One of the most well-known battles fought in Shakespeare’s Hamlet is Hamlet’s ongoing battle with depression. Throughout the play, Hamlet constantly battles with his mind as he debates the pros and cons of suicide. This is evident through Hamlet’s second soliloquy:
“To be, or not to be? That is the question—
Whether ’tis nobler in the mind to suffer
The slings and arrows of outrageous fortune,
Or to take arms against a sea of troubles,
And, by opposing, end them? To die, to sleep—
No more—and by a sleep to say we end
The heartache and the thousand natural shocks
That flesh is heir to—’tis a consummation
Devoutly to be wished! To die, to sleep.
To sleep, perchance to dream—ay, there’s the rub,
For in that sleep of death what dreams may come
When we have shuffled off this mortal coil,
Must give us pause.”
This speech shows Hamlet’s internal struggle over life and death. He compares the pain and struggles we face in life to the fear of what will come after death. He also struggles with the fact that suicide is against his morals, despite his overwhelming desire to die. In Hamlet’s most famous soliloquy, Hamlet battles his depression, his fear of death, and his morals as he struggles to cope.
Along with contemplating suicide, Shakespeare has portrayed Hamlet’s struggle with depression in many different ways throughout the play. His anger and his lack of action, even his lack of personal hygiene are all products of his ongoing depression.

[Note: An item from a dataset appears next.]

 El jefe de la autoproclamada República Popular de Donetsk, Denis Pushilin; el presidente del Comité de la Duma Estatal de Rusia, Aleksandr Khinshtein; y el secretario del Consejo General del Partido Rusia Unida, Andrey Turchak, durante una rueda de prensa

Hamlet is obsessed with making sure he knows all the facts that prove for sure it was Claudius who killed his father and also making sure that his plan to kill him goes perfectly. His inability to fully comprehend stressful situations, such as the fact that his father’s ghost explained in detail that it was his uncle, who is now married to his mother that killed the King, along with his depression and obsessive tendencies hold him back.

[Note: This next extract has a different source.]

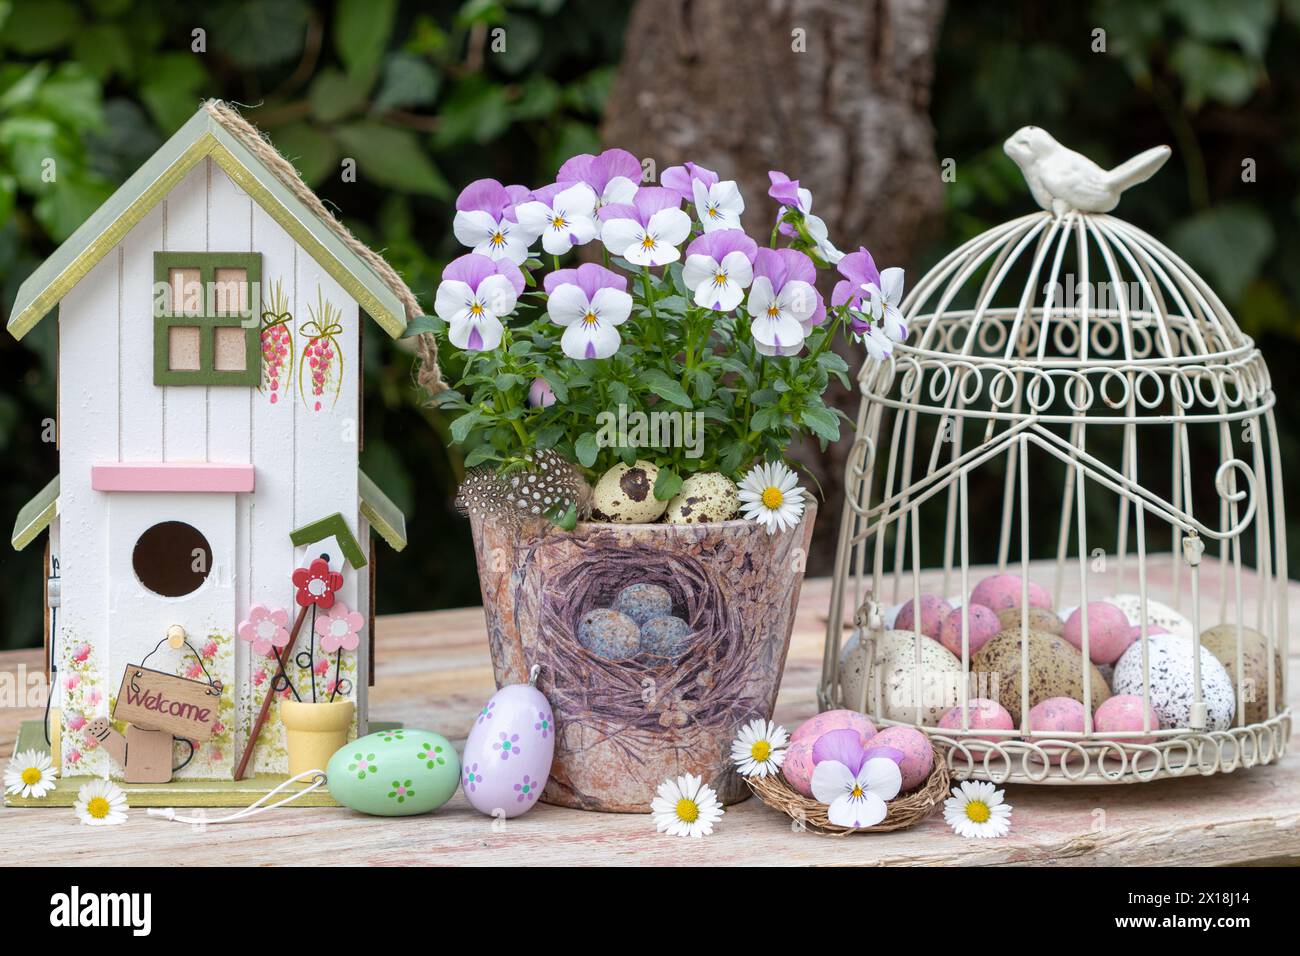 sistemazione pasquale con fiori di viola in vaso, casetta degli uccelli e uova di pasqua Foto Stock

His depression causes him to not want to really do anything; to not want to try, to the point where just getting up in the morning could be very hard for him. This, along with Hamlet’s desire to seek revenge for his father, causing him to prolong his action to the point where it almost doesn’t happen. This alone is a very hard conflict that Hamlet must face.
Ophelia also gives us a glimpse at Hamlet’s attire, explaining to the King and Queen that Hamlet, “…with his doublet and all unbraced/ No hat upon his head, his stockings fouled,/ Ungartered, and down-gyved to his ankle,/ Pale as his shirt, his knees knocking each other/ And with a look so piteous in purport/…” (2.1.80-84) had come to her.

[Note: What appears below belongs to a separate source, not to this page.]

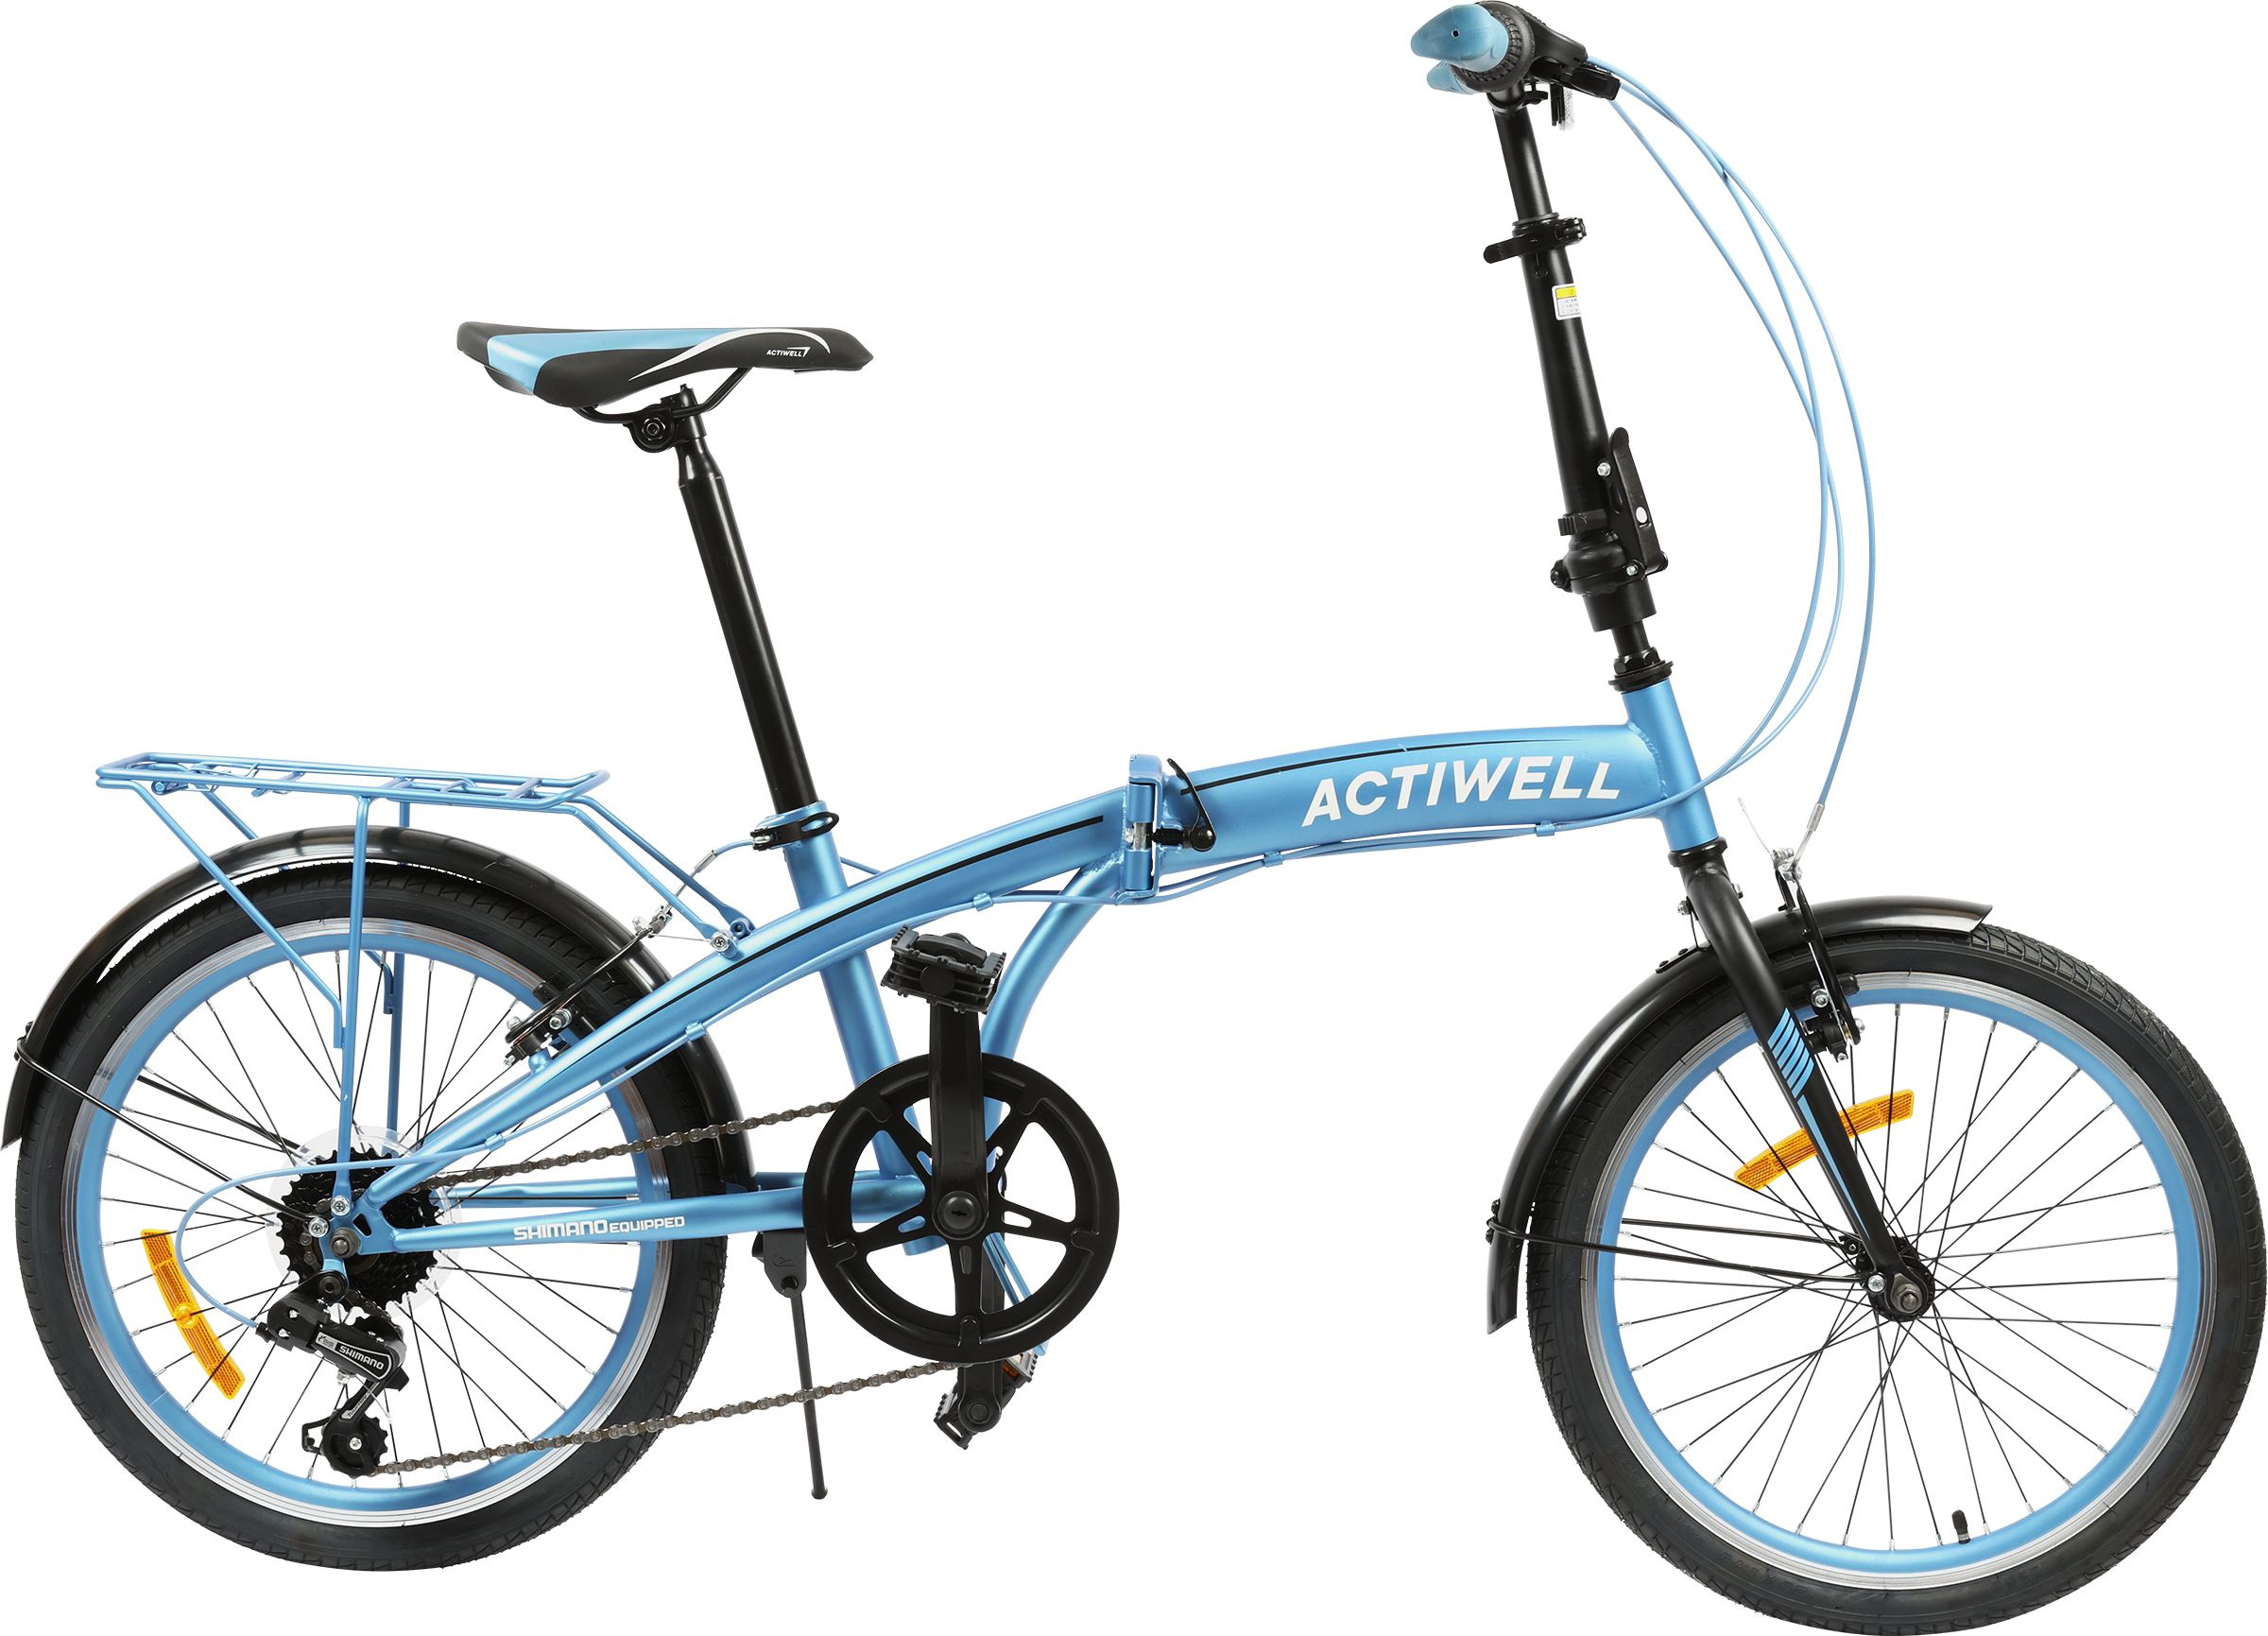 Велосипед городской детский Actiwell Planet складной голубой

This shows that Hamlet has neglected his appearance. This also shows Hamlet’s lack of action caused by his depression on a smaller scale. These signs show that Hamlet is struggling with a weight-bearing internal conflict, that today we know as depression.
The play Hamlet portrays many internal and external conflicts. These are shown through Hamlet’s anger, Claudius’ guilt, and finally Hamlet’s battle with depression. These conflicts, along with many others within the play, have kept Shakespeare’s beautiful tragedy alive for thousands of years as we continue to study his works in our schools today.
Shakespeare, William. Hamlet. Ed. David Bevington, David Scott Kastan. New York: 1988. Print.